* EXCERPTED RECORDS:
=== Begin Enclosure ===

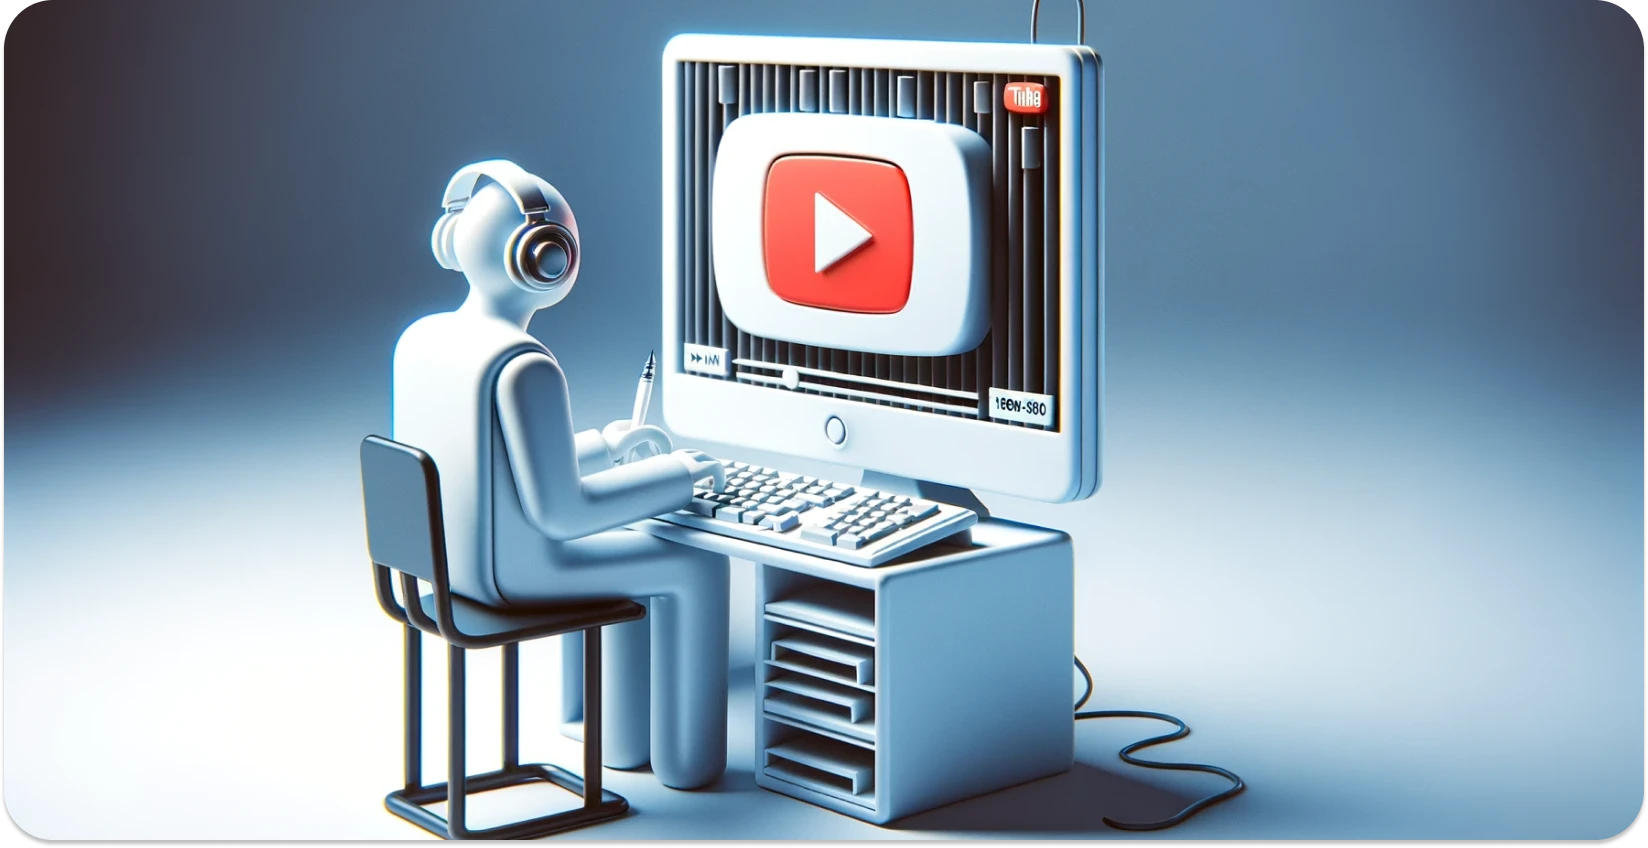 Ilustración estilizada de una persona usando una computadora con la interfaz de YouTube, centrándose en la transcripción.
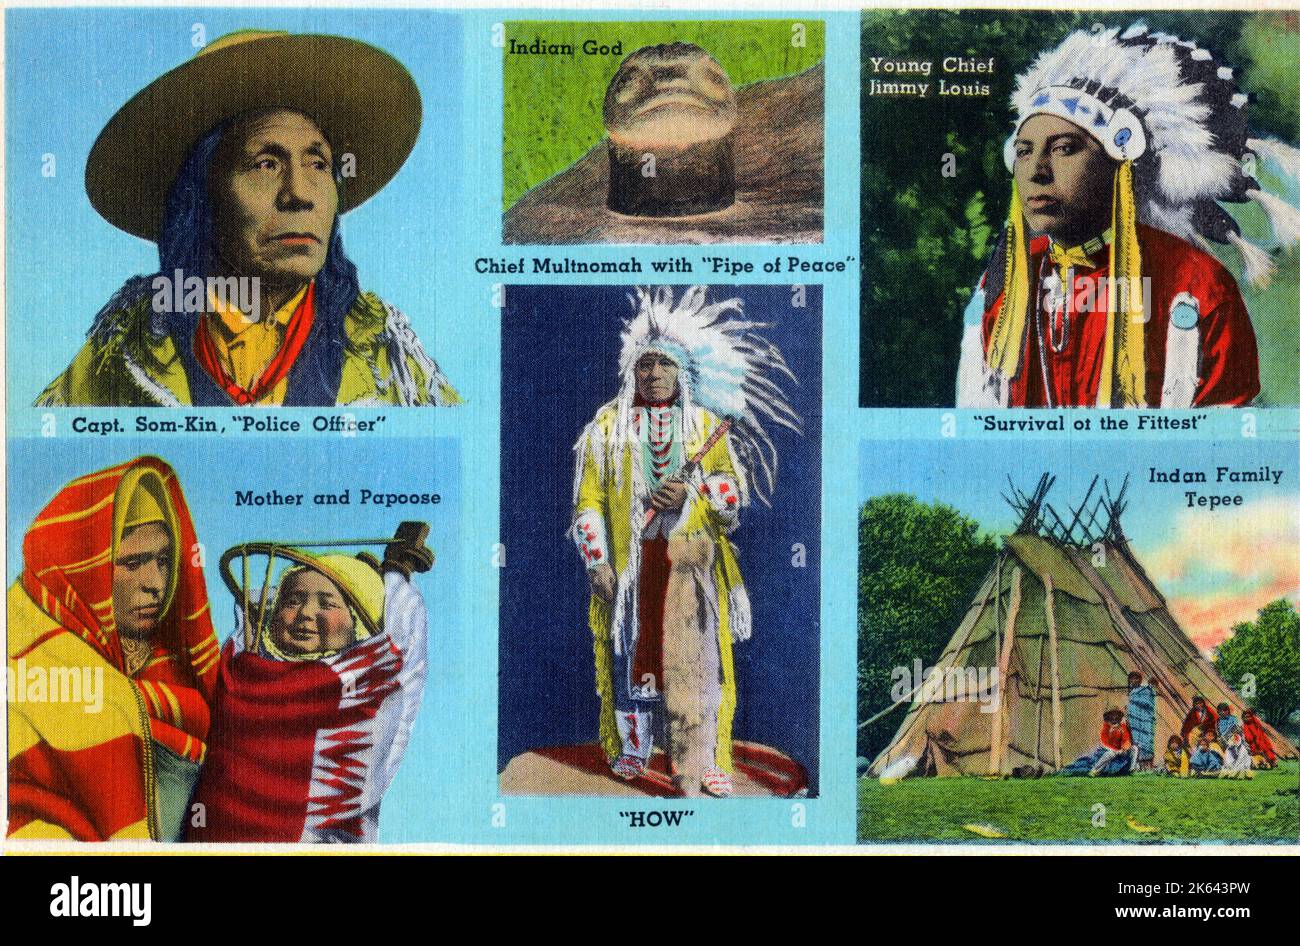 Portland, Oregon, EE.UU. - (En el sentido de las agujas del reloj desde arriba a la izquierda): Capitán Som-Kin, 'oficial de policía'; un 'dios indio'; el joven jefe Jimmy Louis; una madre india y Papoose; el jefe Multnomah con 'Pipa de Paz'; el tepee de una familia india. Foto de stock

=== End Enclosure ===
=== Begin Enclosure ===

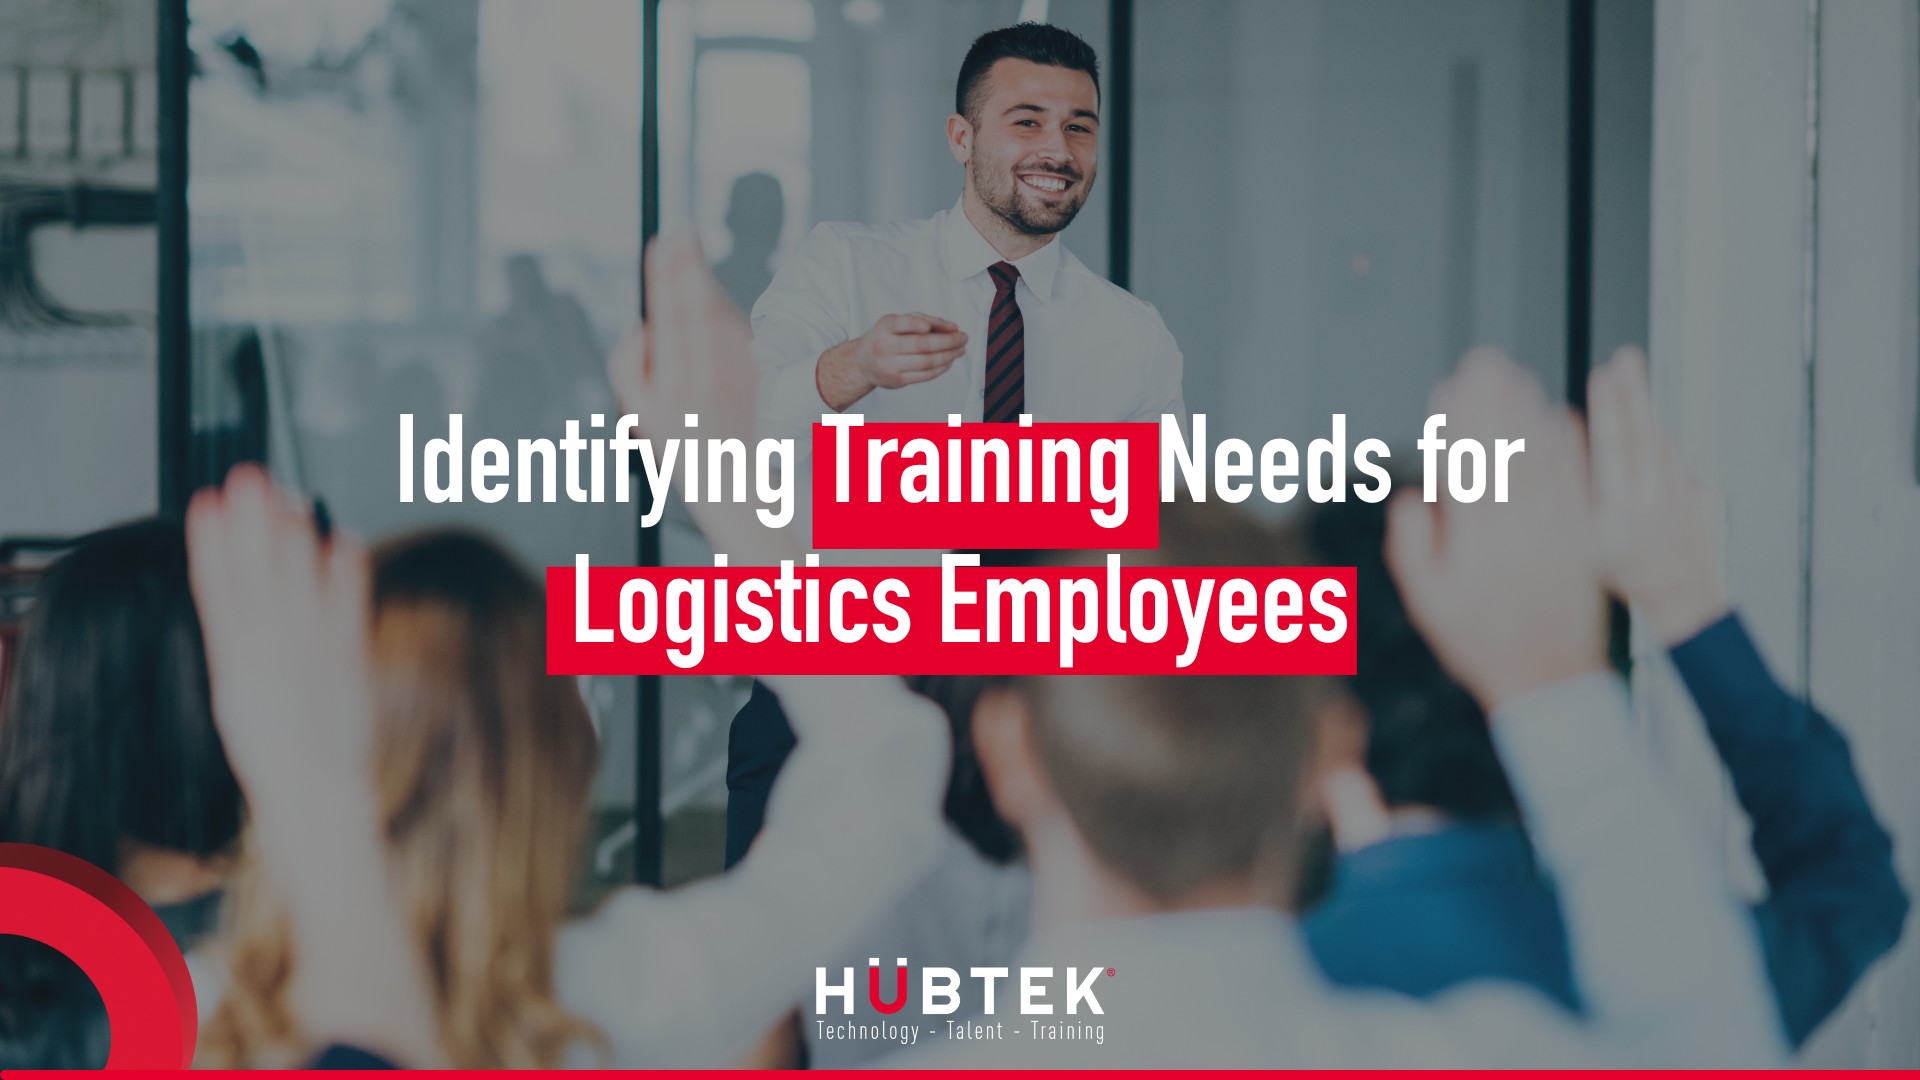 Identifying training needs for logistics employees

=== End Enclosure ===

Everything above from the line containing "Ilustración estilizada de" down to the line containing "Portland, Oregon, EE.UU." is to be duplicated exactly, both lines included, and the pictures are to be omitted.

* SOLUTION FOR THIS TASK:
 Ilustración estilizada de una persona usando una computadora con la interfaz de YouTube, centrándose en la transcripción.
 Portland, Oregon, EE.UU. - (En el sentido de las agujas del reloj desde arriba a la izquierda): Capitán Som-Kin, 'oficial de policía'; un 'dios indio'; el joven jefe Jimmy Louis; una madre india y Papoose; el jefe Multnomah con 'Pipa de Paz'; el tepee de una familia india. Foto de stock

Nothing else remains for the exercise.